Part of establishing billy kwong’s identity meant answering questions about exactly what Kwong wanted her customers to get from the product, the service and the whole encounter. "Everything in the business reflects your essence."
Kwong had set her plan from day one: to create a Chinese eating house. "We knew we wanted to have a little hole-in-the-wall place that just served really great food, good value, and we always wanted it to be an easy place to come into."
And she has succeeded. When first entering the restaurant, its size is surprising. The dining room is small and intimate (despite the cabbages taking pride of place in front of the window) and the open-plan kitchen is only partly partitioned by two cabinets, so customers get a complete sensory experience from the sights, sounds and tastes of the food being cooked only a few metres away. "The kitchen is the heart of the place, so that’s why we have an open kitchen."

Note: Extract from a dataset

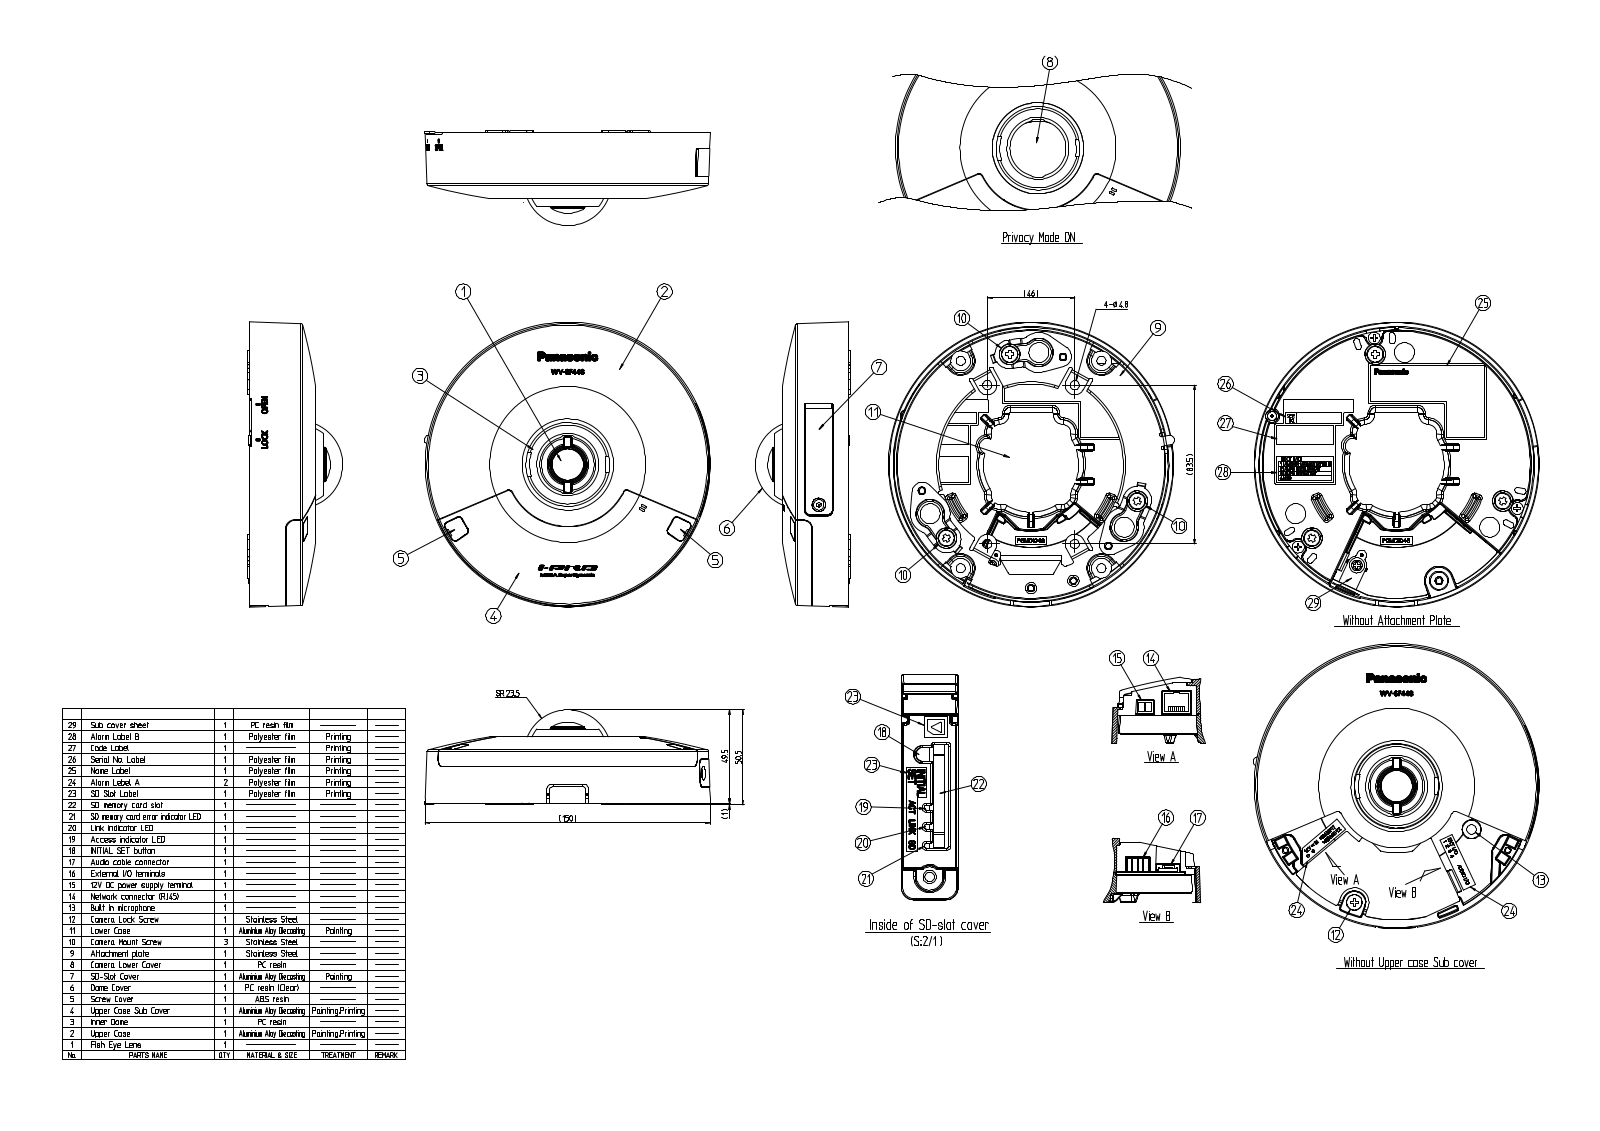 Panasonic WV-SF448 User Manual

She also had a clear idea of the proposed suburb in Sydney, and clientele, the menu—strictly Chinese food—and even the suppliers she wanted to use. She knew the atmosphere she wanted to create, from the fresh flowers to the jazz. "I knew right down to the colour toilet paper—every single detail."
The biggest evolution has been Kwong’s attitude to the business. "In those first two years I held on to it very tightly because it was like a little baby," she says. Now, after taking a step back and with time for other things—including a popular ABC television series and cookbook, Heart and Soul, and being a guest at various cooking and non-cooking events—Kwong is looking forward to new directions.

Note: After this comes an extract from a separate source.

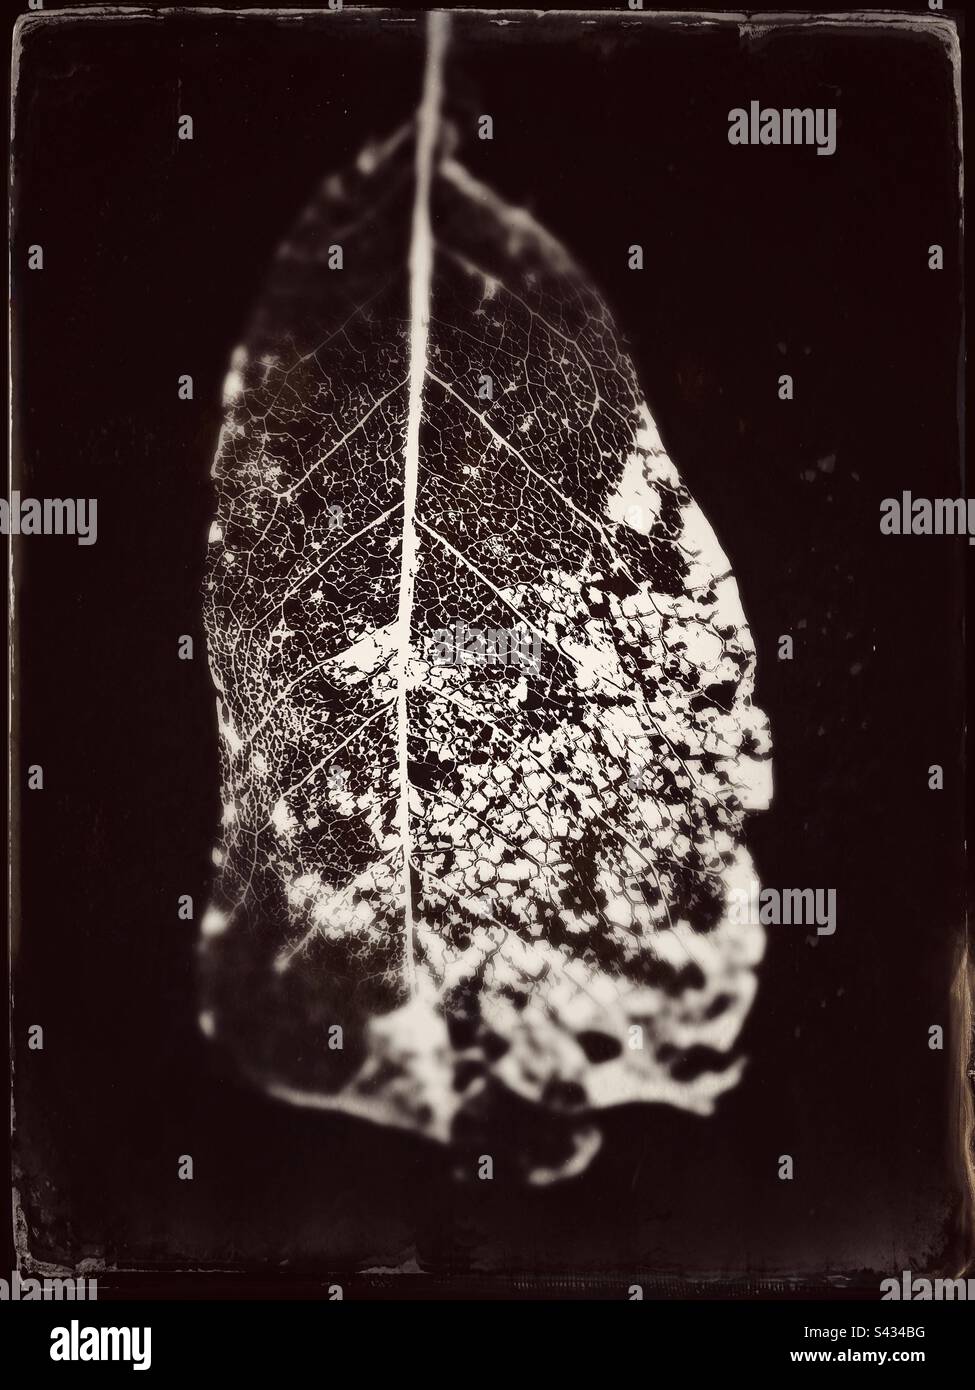 Immagine retroilluminata di una foglia di scheletro. Immagine modificata per dare un aspetto fotografico vintage tintype Foto Stock

"I am taking great pleasure in teaching people the beauties of Chinese food," she says. "And judging by the clientele, they’re into it … they are very discerning, foodie types."
She also looks to improving suppliers, one day making organic vegetables a part of the menu and continuing her commitment to quality. "I only do things I believe in, or that reflect billy kwong values," she says. "I guess that’s what’s changed, I’m having a broader view on everything. It’s not just a restaurant on Crown Street, this little business, it’s actually a whole way of life for me."